Files are lots, truncated, etc, so there is visible filesystem
damage.

I did lots of testing on 2.6.35-rc3 and came across no problems;
problems only seemed to start with 2.6.35-rc5, and I've repろoduced
the problem on a vanilla 2.6.35-rc4.

The problem seems to occur randomly - sometimes during boot or when
idle after boot, sometimes a while after boot.

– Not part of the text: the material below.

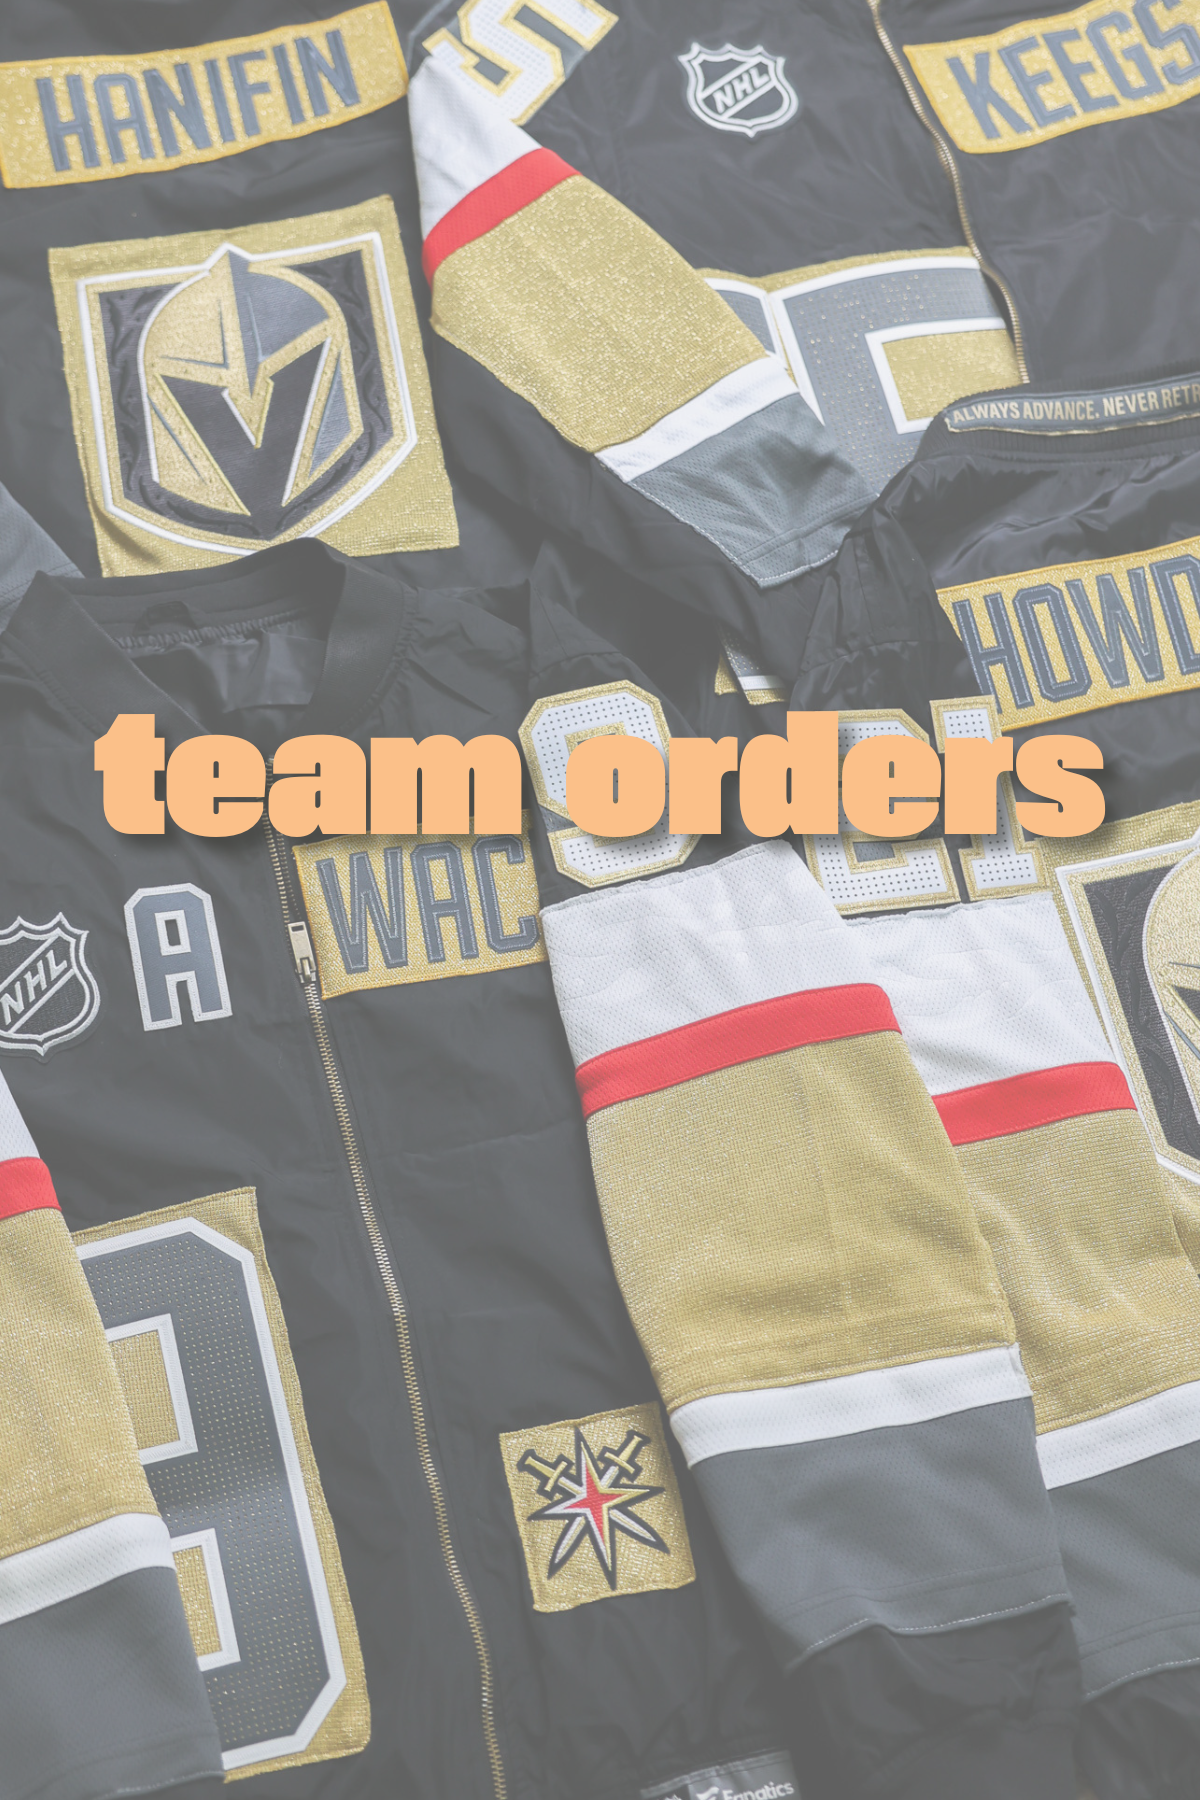 Team Order Inquiry and Mock Up Form

I haven't done any
digging at all for the cause - all I've done so far is confirm that
it is reproducable and it's not my code causing the problem.

Cheers,

Dave.
--
Dave Chinner
david(a)fromorbit.com
--
To unsubscribe from this list: send the line "unsubscribe linux-kernel" in
the body of a message to majordomo(a)vger.kernel.org
More majordomo info at http://vger.kernel.org/majordomo-info.html
Please read the FAQ at http://www.tux.org/lkml/
From: Dave Chinner on
On Thu, Jul 15, 2010 at 08:57:45PM +1000, Dave Chinner wrote:
> Upgrading my test vms from 2.6.35-rc3 to 2.6.35-rc5 is resulting in
> repeated errors on the root drive of a test VM:
>
> { 1532.368808] EXT3-fs error (device sda1): ext3_lookup: deleted inode referenced: 211043
> [ 1532.370859] Aborting journal on device sda1.
> [ 1532.376957] EXT3-fs (sda1):
> [ 1532.376976] EXT3-fs (sda1): error: ext3_journal_start_sb: Detected aborted journal
> [ 1532.376980] EXT3-fs (sda1): error: remounting filesystem read-only
> [ 1532.420361] error: remounting filesystem read-only
> [ 1532.621209] EXT3-fs error (device sda1): ext3_lookup: deleted inode referenced: 211043
>
> The filesysetm is a mess when checked on reboot - lots of illegal
> references to blocks, multiply linked blocks, etc, but repairs.
> Files are lots, truncated, etc, so there is visible filesystem
> damage.
>
> I did lots of testing on 2.6.35-rc3 and came across no problems;
> problems only seemed to start with 2.6.35-rc5, and I've repろoduced
> the problem on a vanilla 2.6.35-rc4.
>
> The problem seems to occur randomly - sometimes during boot or when
> idle after boot, sometimes a while after boot. I haven't done any
> digging at all for the cause - all I've done so far is confirm that
> it is reproducable and it's not my code causing the problem.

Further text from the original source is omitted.